A capacitor stores charge and releases it, which makes it the part that steadies a power rail. The decoupling capacitor beside almost every chip is the most common one you will place.
What does a capacitor do?
A capacitor stores an amount of charge for each volt across it, which is its capacitance in farads. It resists a sudden change in voltage, and it passes a changing signal while blocking steady DC. Those two behaviors cover almost every use.
Decoupling: the cap at every chip
A chip's current draw jumps the instant it switches. A small capacitor placed right at its power pins supplies that sudden demand locally, so the rail does not dip and the chip stays fed. That job is decoupling, also called bypass, and a 100 nF ceramic is the default choice.
Ceramic and electrolytic
Ceramic capacitors are small and fast, and the X7R type is temperature-stable (an EIA Class II dielectric), which is why X7R is the workhorse for decoupling (Murata). Electrolytic capacitors hold far more charge for bulk energy storage where power enters the board, at the cost of size and speed.

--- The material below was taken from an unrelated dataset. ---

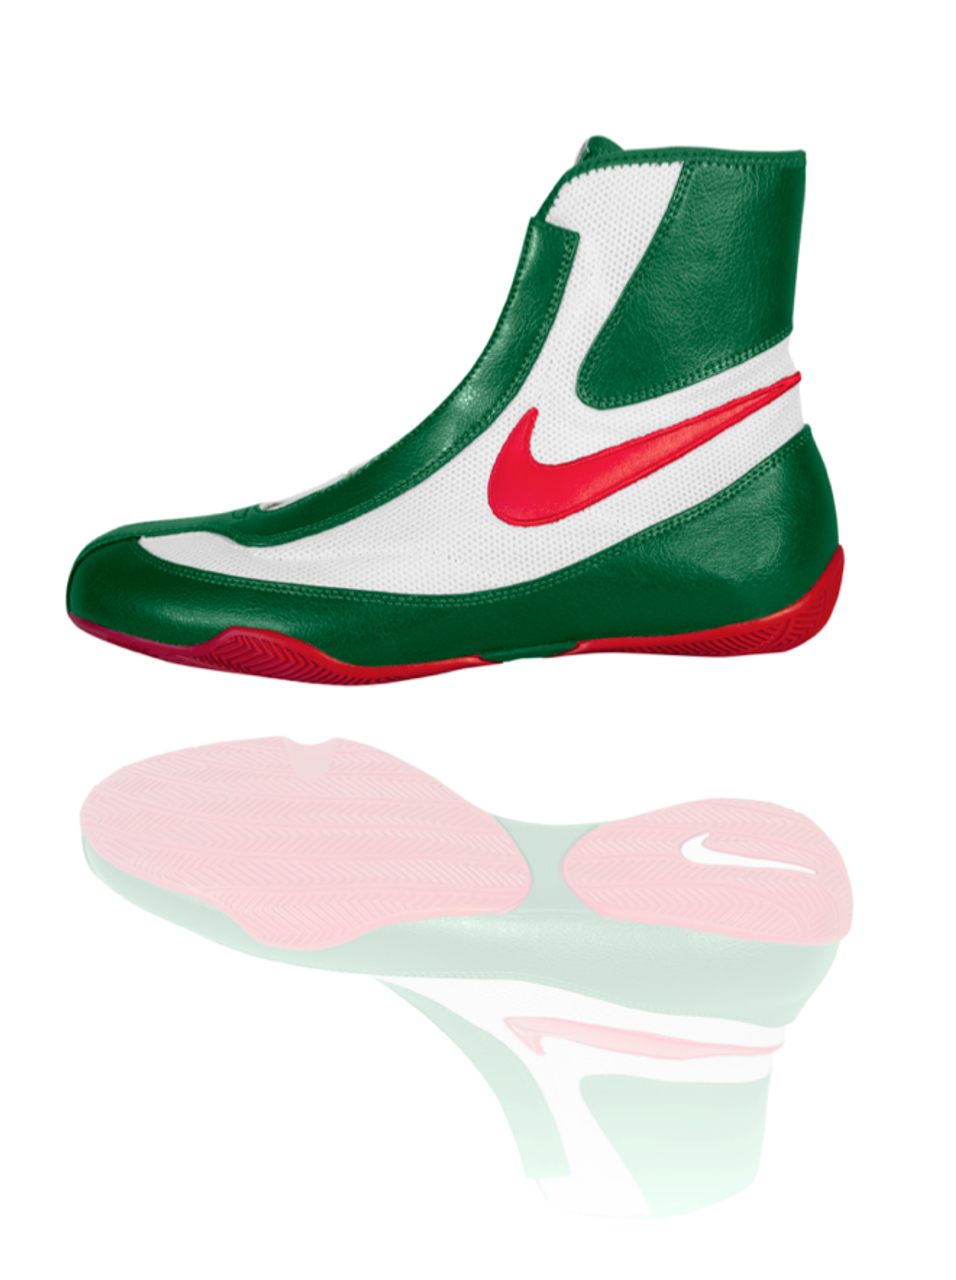 04e1056920e NIKE Machomai MID TOP Boxing Shoes - Green   White   Red Color - PROGEAR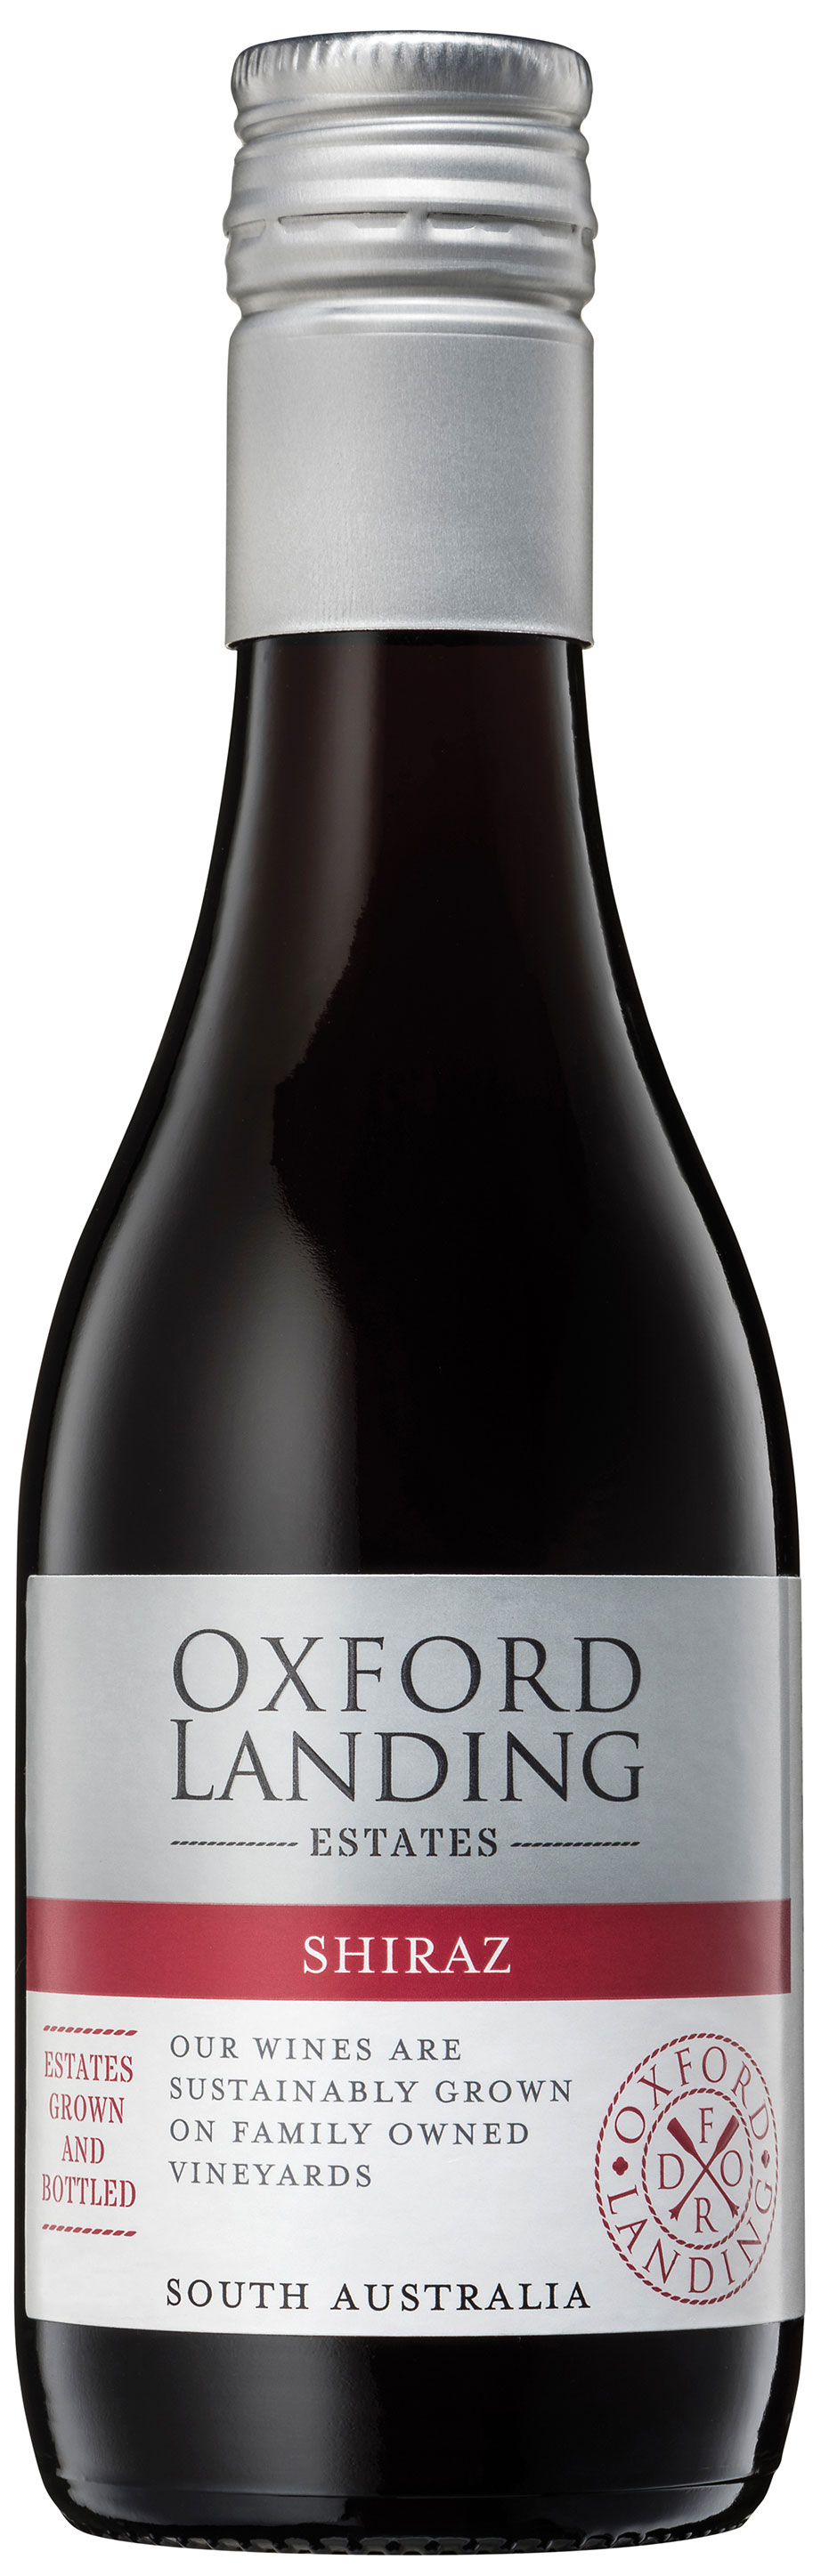 https://vinocorpperu.com/images/vinos/oxfordlanding/oxford_landing_estates_shiraz_2016.jpg

A Class II ceramic (X7R and its cousins) does not hold its rated value under a DC voltage. As the voltage across the part climbs toward its rating, its effective capacitance can fall by a large fraction, so a 100 nF part rated right at the rail delivers noticeably less than 100 nF in the circuit. The fix is free: pick a voltage rating well above the rail, a 10 V or 16 V part on a 3.3 V rail, and the capacitance you designed for is the capacitance you get. (Murata)
FUNDAMENTALS · CAPACITORS
Capacitors and decoupling
On a One Thousand Drones L1.01 board a 100 nF ceramic sits right at the module's power pins, and larger bulk capacitors sit where USB power enters.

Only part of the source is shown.